Sebuah kelas telah selesai dihelat, kami, kawan-kawan pengajar serta para peserta yang terpilih telah kembali pada dunianya masing-masing. Inkubasi telah selesai. Meski baru dihelat selama dua kali, kelas Pos-pos selalu membuat saya tidak ngapa-ngapain ketika selesai. Nyaris hampir 24 jam saya nggendhon di kamar hanya untuk memilah kembali apa yang terlewat.
Sejak kali pertama pelaksanaannya saya selalu berpikir apakah kelas ini akan berdampak di masa depan? atau sekedar jadi pemuas lelah dari banyak kekalahan yang terus dialami oleh mereka yang mendaku sebagai aktivis sosial.
Hanya kepada niat dan kepercayaan bahwa ketika kita telah melakukan sebuah aksi, setidaknya kita bisa memprediksi gejala berikutnya. Hal-hal ini tidak akan pernah berlaku ketika ide hanya menjadi ide dan berkutat sebagai onani pikiran. Karena dengan tindakanlah semuanya bisa diukur, dan karena hanya lewat karya-lah seseorang akan dikenang.
Di umur yang sekarang saya sudah tidak lagi mempertanyakan kedirian saya, tetapi tindakan-tindakan seperti membuat sebuah kelas ini terus membayangi, karena tanggung jawabnya kemudian menjadi berefek pada sosial. Setiap kelas dimana ilmu pengetahuan dan rerasan disebar di situ pula pasti memicu nalar pikir setiap orang di sekitarnya. Saya pahami betul itu, kenapa inkubasi selalu berbeda ketimbang diskusi-diskusi publik yang hanya selesai dalam hitungan jam.
Meski begitu, sulit rasanya untuk membicarakan ini semua pada mereka para intelektual yang tidak p ernah ikut gerakan serta menjalani banyak hal, pada mereka yang dengan tegas saya tolak untuk turut serta datang ke dalam kelas saya minta maaf.

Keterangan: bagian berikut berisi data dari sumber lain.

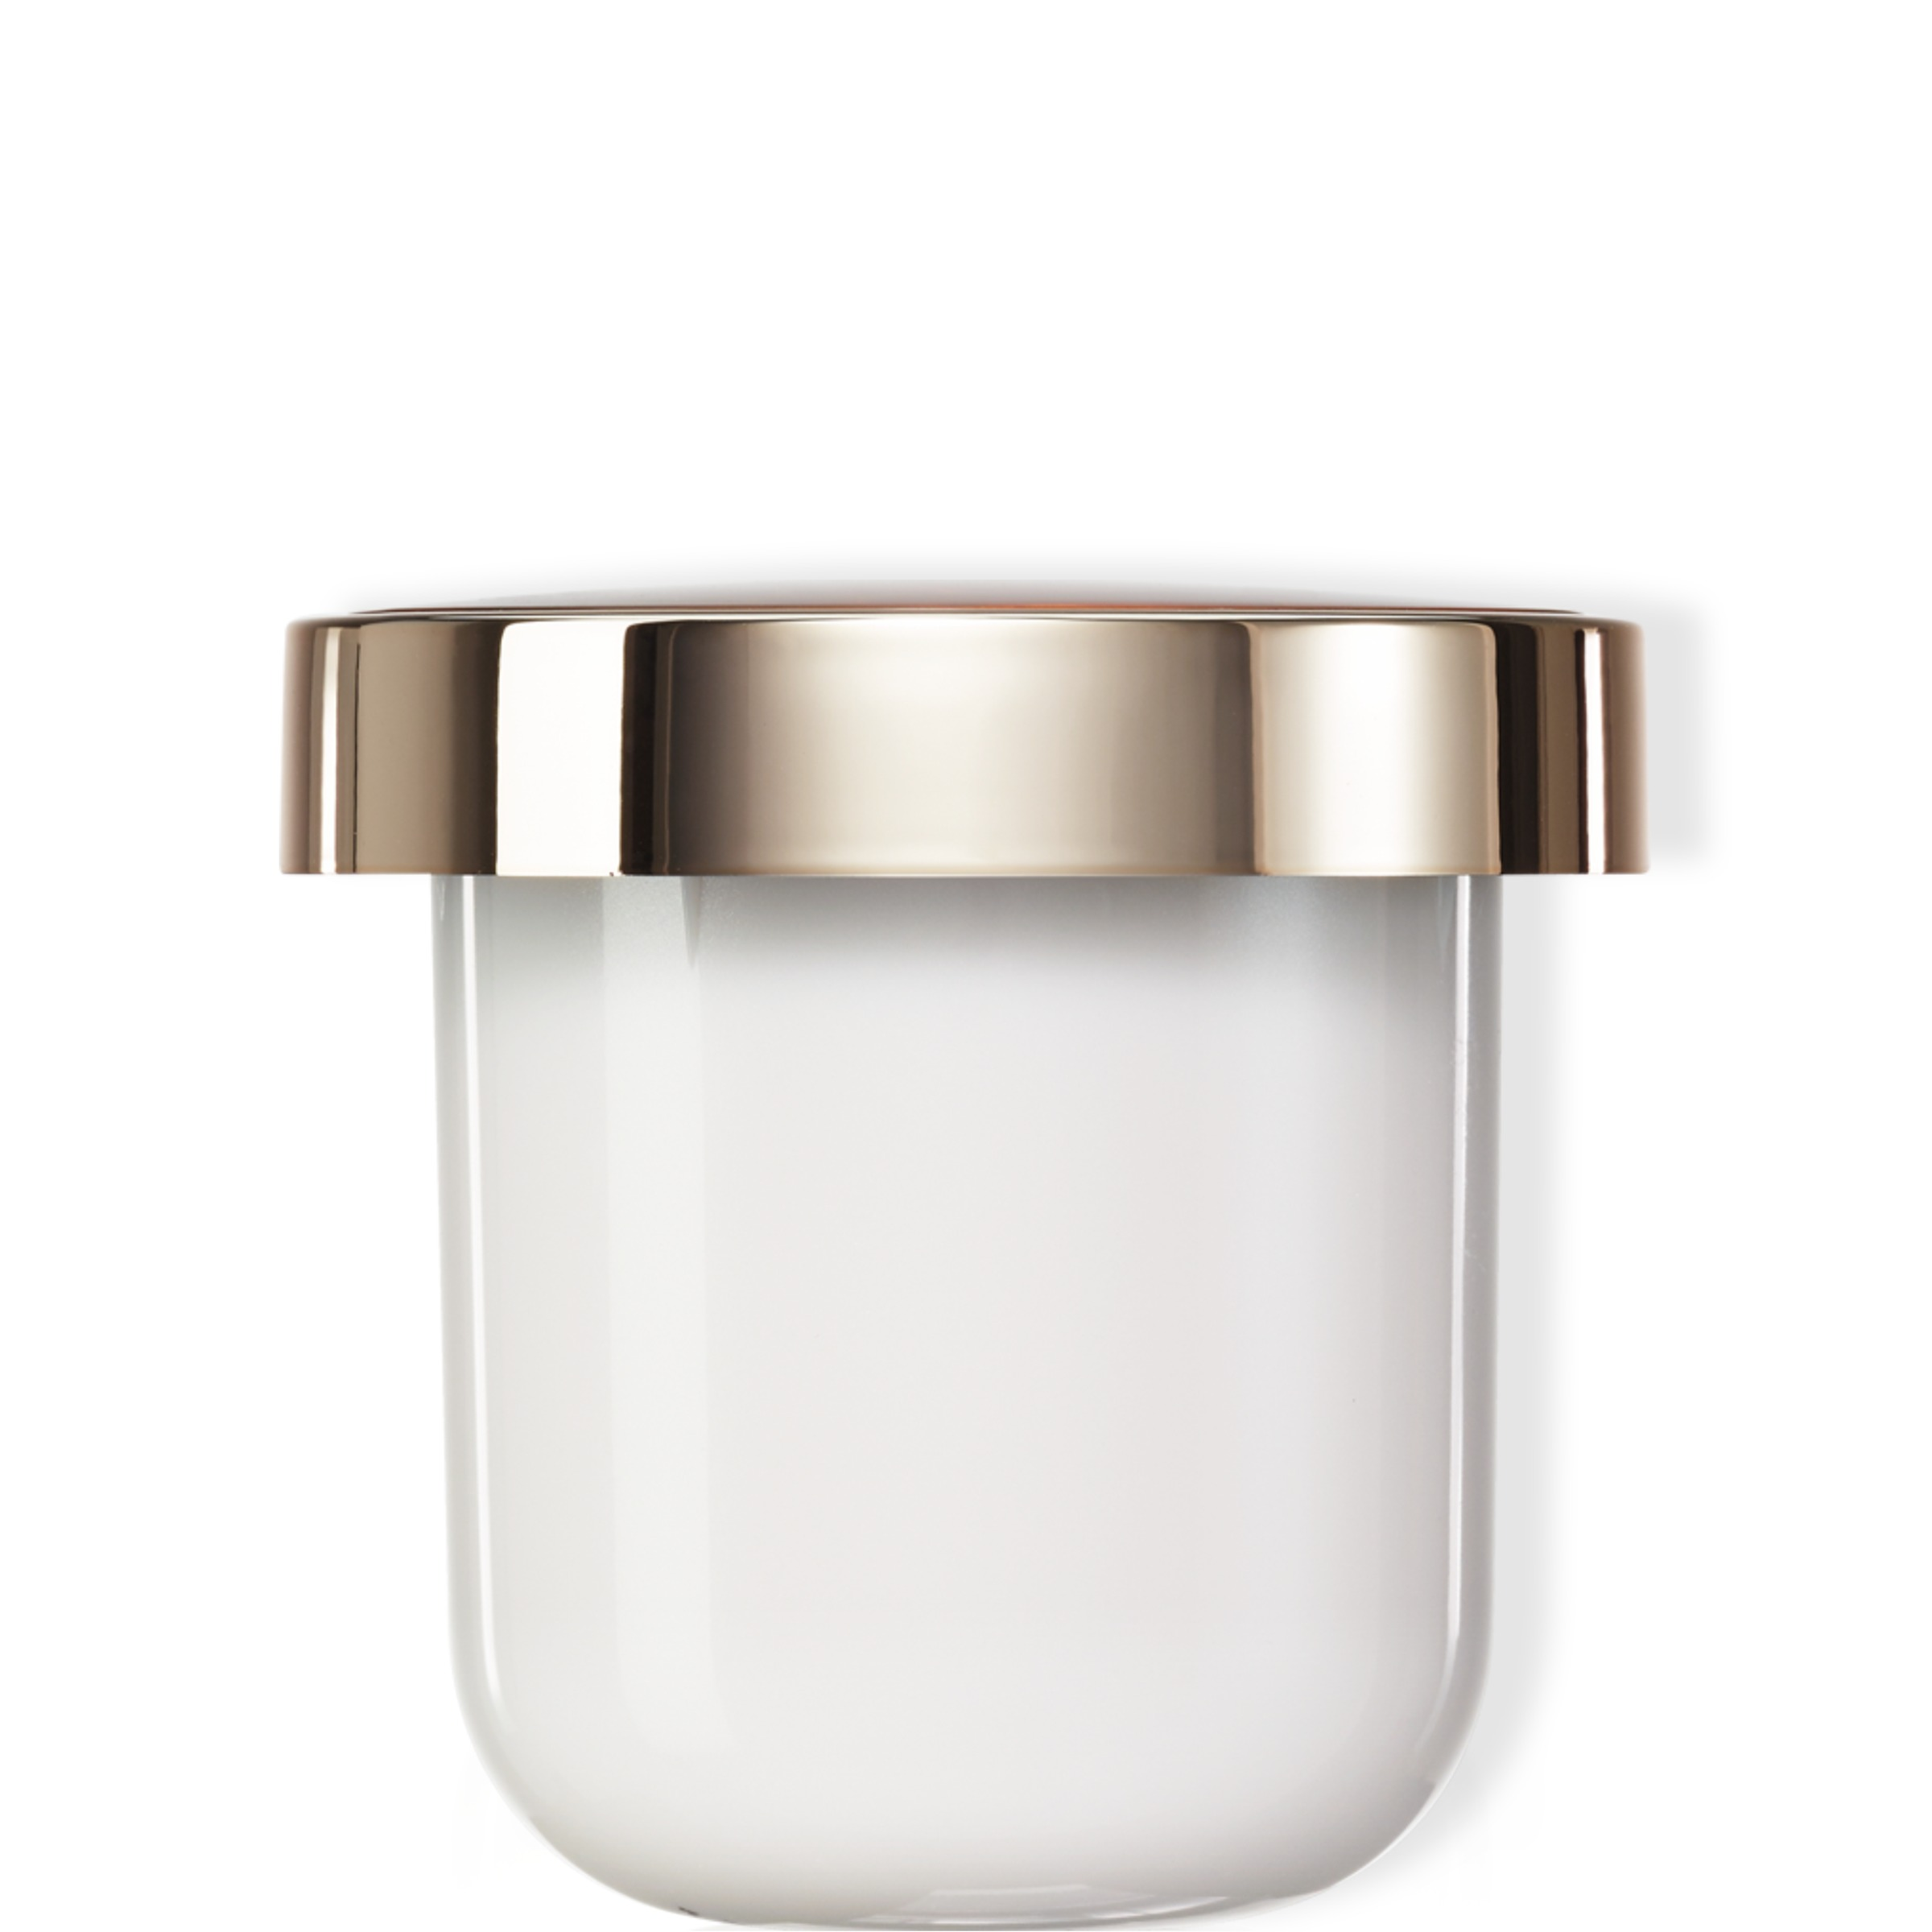 Prestige Eye Cream Refill

Saya selalu mempercayai perubahan formasi sekecil apapun ketika inkubasi dijalankan pasti akan mempengaruhi hasil dari sosial yang dibangun dalam perjumpaan itu. Hubungan perkawanan yang mulai akrab hingga nuansa kelas yang jelas dibangun sejak awal seleksi.
Ini belum perkara teknis lainnya.
Menyeleksi pembicara, memaksa mereka untuk membuat tulisan dan presentasi, menyeleksi esai-esai peserta serta dengan membuat permakluman sambil mengingat-ingat seberapa jauh manusia bisa menulis ketika ia berumur di bawah dua puluh lima tahun. Belum soal logistik, bagaimana pembiayaan kelas ini dikerjakan, bagaimana cara membuat kelas yang beneran kuat dan mapan secara finansial sehingga bisa lebih merdeka dalam membicarakan banyak hal. Bagaimana pula mengupah layak para pembicara agar mereka mau dan mampu memberikan yang terbaik yang mereka miliki, hal-hal yang tentu saja tidak bisa secara kolektif cuma-cuma alias gratisan. Sebagai intelektual saya tentu tahu ilmu itu mahal dan untuk mendapatkannya butuh waktu, duit serta banyak kemampuan.
Dari tonggak yang telah dibuat kita akan menilai dan mengukur sepuluh tahun lagi, kira-kira kawan-kawan ini jadi apa? semoga banyak keajaiban berlangsung.